Here it is January and I am super antsy for change. That is a bad face – it’s a searching face – that time for seashells. I know myself well and this is the same old same old that happens every spring and again into winter. I can’t decide if it’s longing to get to the beach – one of my favorite pastimes with my family, or to the mountains to ski which is the cold weather favorite, but I am restless. I am so up in the air jittery figity to do something, yet unable to accomplish anything that I have swayed this weekend from thinking I would completely redo the main level to shift out all of the rust reds, mustard, warm tones and redo two entire rooms including upholstery in blue and cream. But it’s winter. I sit and enjoy a cup of tea in the kitchen and think how nice it is during the cold months that the heart of our home is visually warming. Vetoed the idea to change the color. It wouldn’t be a small undertaking and if I think I am antsy now – wait until I reupholster six dining chairs, a ten foot long, six inch thick window seat cushion, switch carpets, redo a smattering of throw pillows, and store my glittery depression glass gems for a time I would rewelcome red. The last time I reupholstered my kitchen dining chairs I promised myself it would be the last time on those since it undermines the integrity of the wood so much. I painted them chocolate brown from the pickled cream they’d once been and stripped plum upholstery in favor of a rust and mustard gingham – too much work. It would also mean painting two pieces of furniture. I could just imagine my shop – I mean garage filled with projects and our cars iced over outside at 7 in the morning when we are already late for work. Plus, it would also mean folding up the runner my wonderful sister made for me just this Christmas and I thought I would be happy either way – with the blues or the reds.

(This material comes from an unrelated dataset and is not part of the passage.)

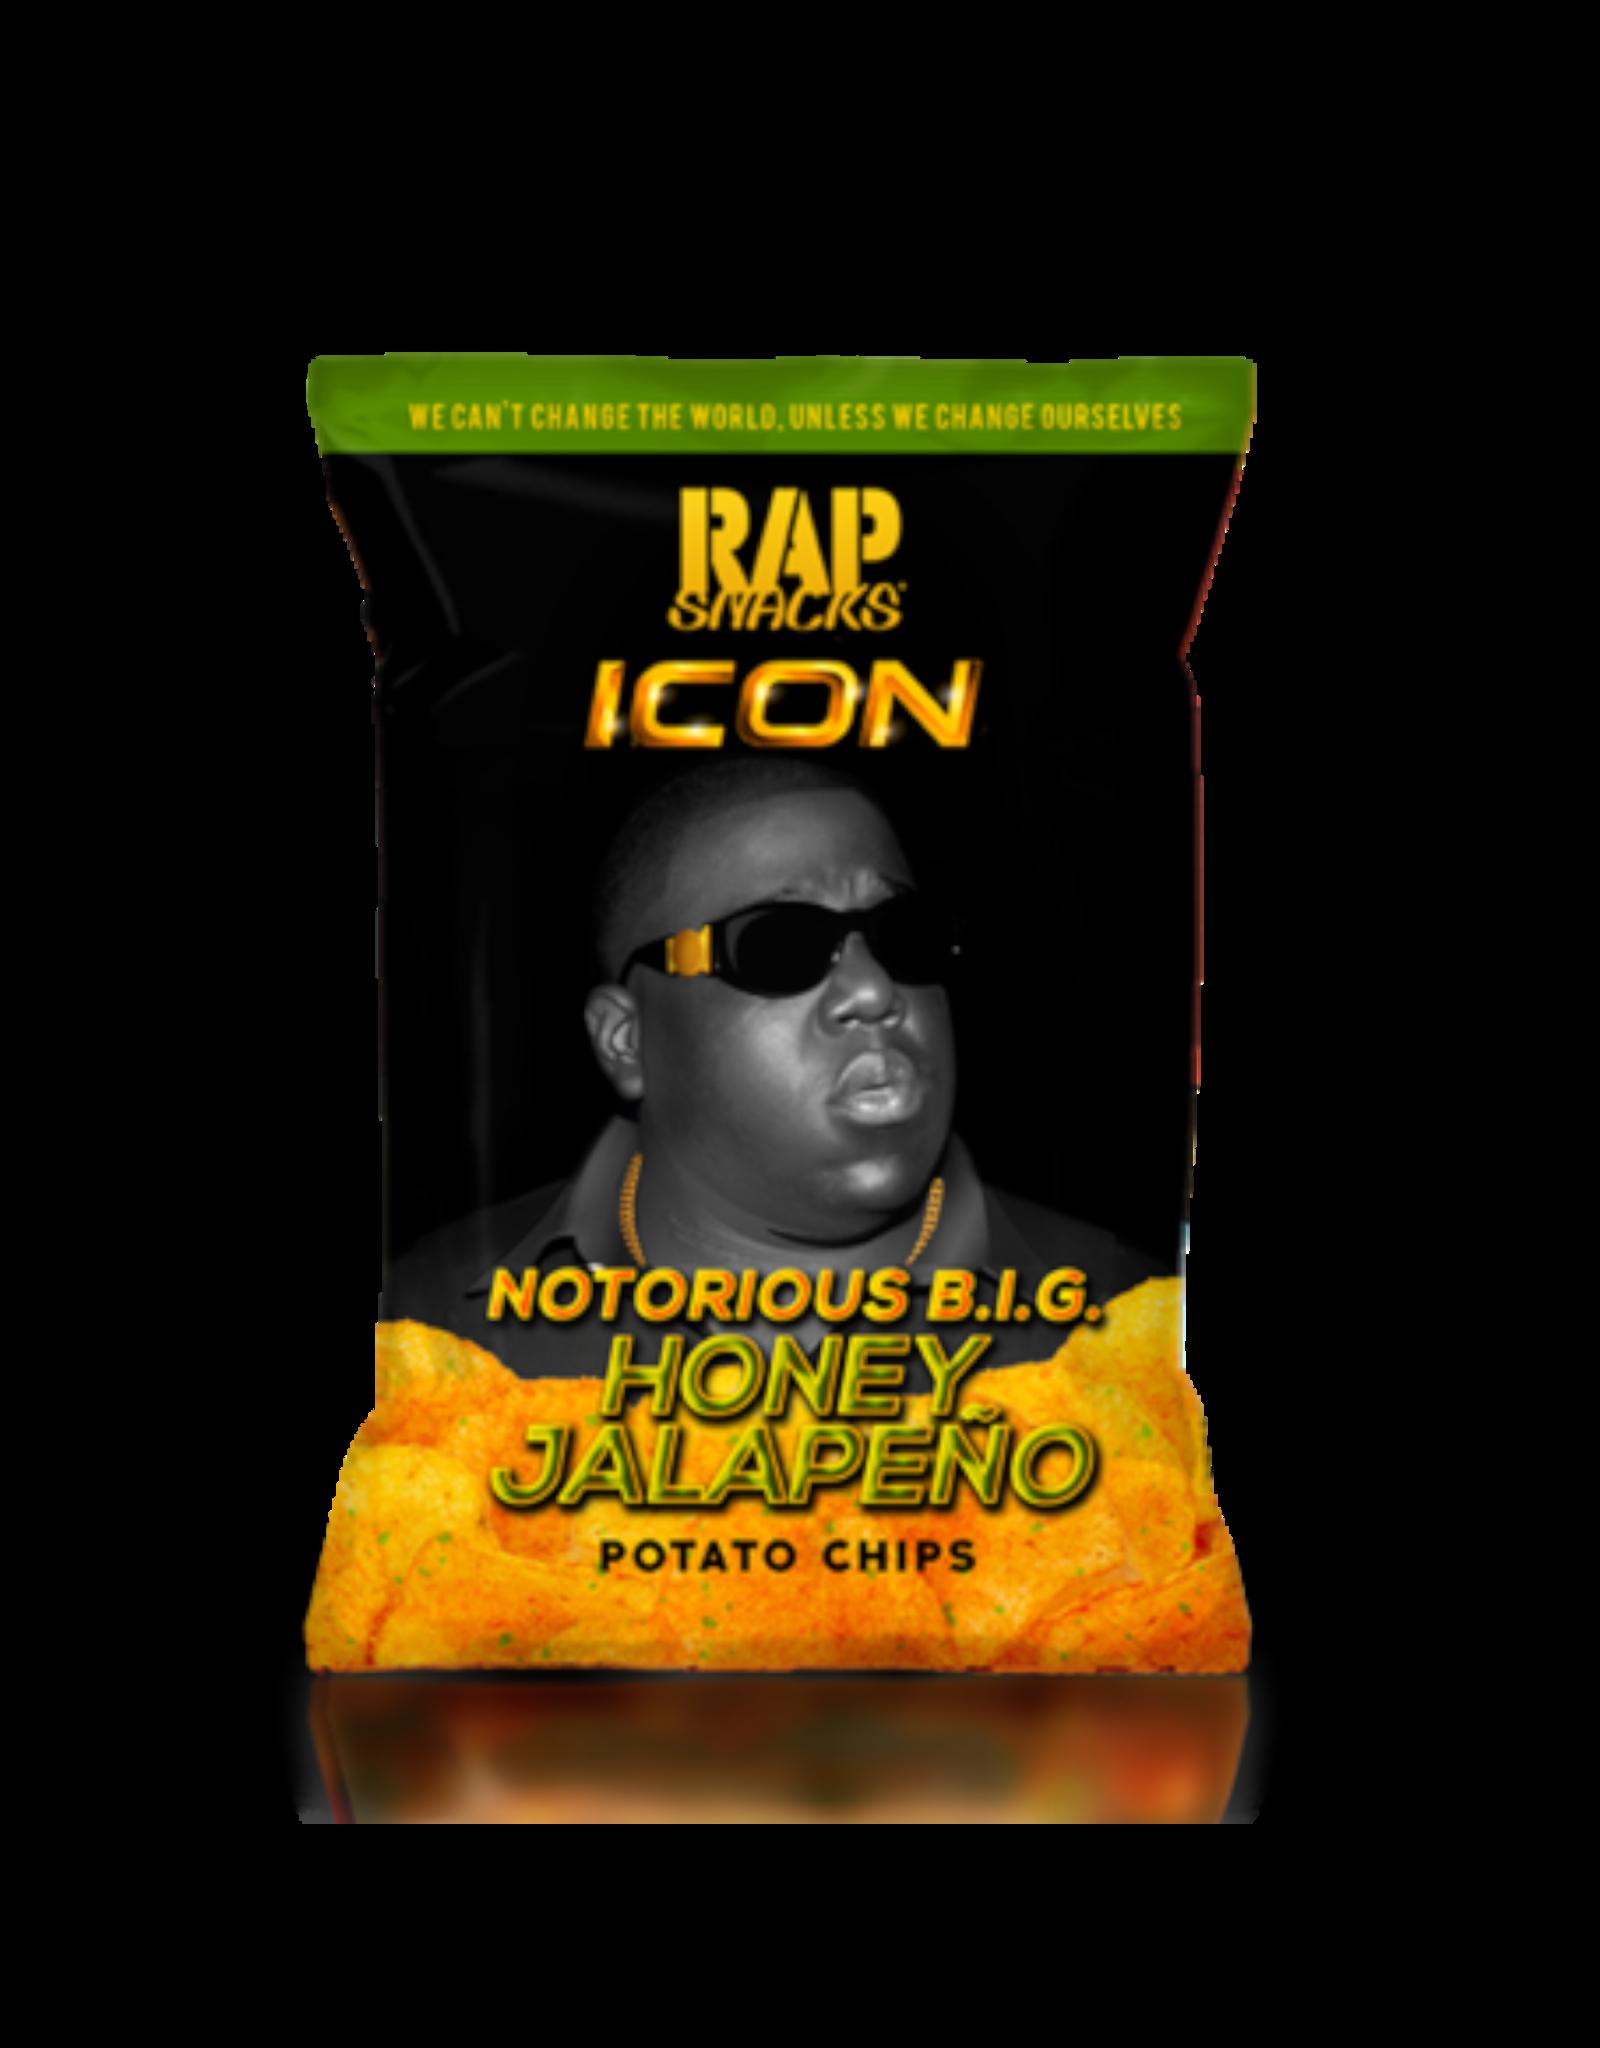 Rap Snacks ICON - Notorious B.I.G. - Honey Jalapeño Potato Chips - 78g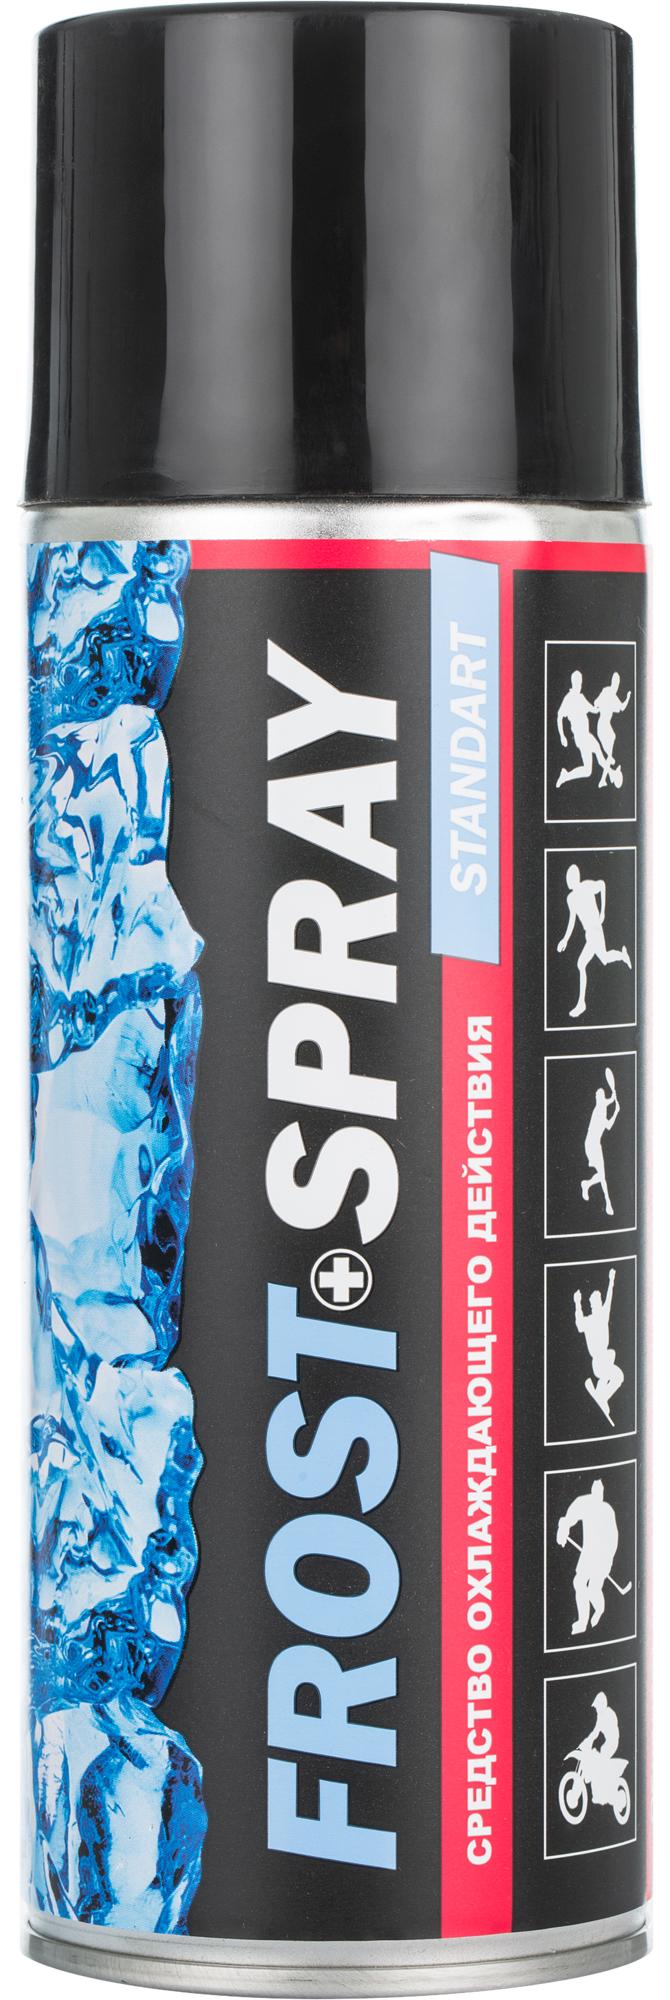 FROST SPRAY Спрей охлаждающий Frost Spray

Instead of a color redo – a quick room redo. What about built ins around my fireplace? So I did a quick sketch and sent it to my brother.
Maybe not the right thing either…but we’ll see. While I am waiting, the roof needs to be changed so I am interviewing different companies. Not the most fun thing to do. I don’t like the decision making and it makes me even more scattered.
One thing is settled. I think I will be switching bedrooms between my little guy and the guest room/craft room. His room is basically a closet and there is no sense in having him sleep in a tiny room while my crafts enjoy a more bright space in the usually empty guest room. That is the next big project and I am going to post pictures of the before and after. My guest room/craft room is my favorite room in the house and I have just gotten it where I want it. Two iron twin beds with matching linens and my antique desk painted with mossy chalk paint to match my antique chair with a handmade slipcover with my monogram. Boo hoo, but I love my boy more. Two favorite pieces will be sold to make space for the room redos. One is an antique shabby chic dresser that has been lined more recently with Laura Ashley leaf paper in the bases of the drawers – another is a little nightstand that I love since I did the work, but even more so because I remember my grandfather checking it out in our kitchen as I worked on it and how happy he was to see me sawing off the four legs carefully to make it bed height, resetting the delicate brass screens behind two little doors after the paint job was complete, and reinstalling the vintage hardware. If only it was easy to keep everything old that I love around and still make room for more projects – both in my head and my house.